Stumbled across this recently: 

  • China aims to become custodian of foreign sovereign gold reserves to strengthen its standing in the global bullion market, according to people familiar with the matter.
  • The People’s Bank of China is using the Shanghai Gold Exchange to court central banks in friendly countries to buy bullion and store it within the country’s borders.
  • The move would enhance Beijing’s role in the global financial system, furthering its goal of establishing a world that’s less dependent on the dollar and Western centers.

Remember when the US stole Venezuela’s gold? Remember when the West “froze” Russia’s reserves, including gold?

Actions have consequences. Since most countries do more trade with China than with the US, let alone the laughable UK, and since China appears a lot less likely to steal one’s reserves, this rather makes sense.
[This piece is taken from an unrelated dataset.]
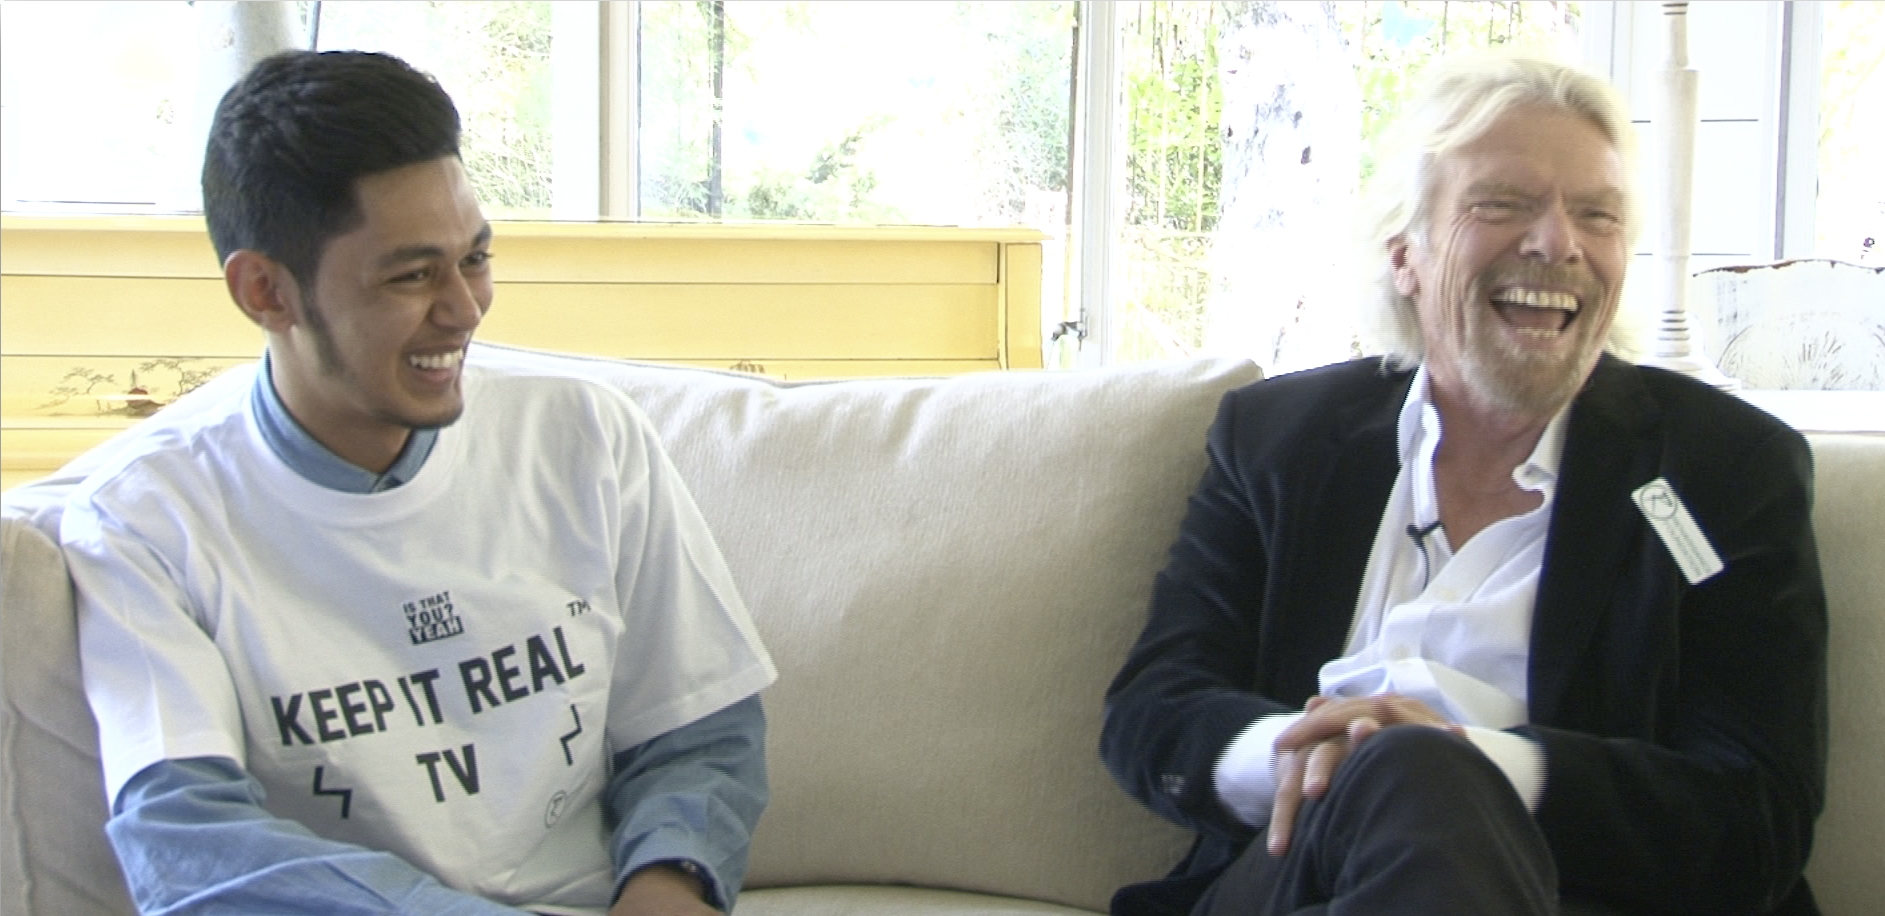 Sir Richard Brans talks to us on KEEP IT REAL TV

China does almost half of its trade now in Yuan, and the the remaining is often in local currencies. (The Russians pay in rubles, for example.)

When  you add in the trade flows, and bear in mind this is 5 years old and today China has overtaken in more countries…

Well, why exactly would you use US dollars for trade, or use New York or London as your primary foreign banking center? You’d be a fool if you did so, if you’re outside of the West+allies (Japan, South Korea, Taiwan.)’

The US stock market is also VASTLY over-valued. There hasn’t been a proper market correction which was allowed to stick in generations. The idea that US public companies are worth more than China’s public companies is ludicrous. As the actual world economy is now centered on China, not America, this will become unsustainable, because the US dollar is going to copy what happened to the UK pound over the 20th century, and the US will no longer have currency seignorage: if other countries don’t want it, the US can’t just print it without massive and crippling inflation.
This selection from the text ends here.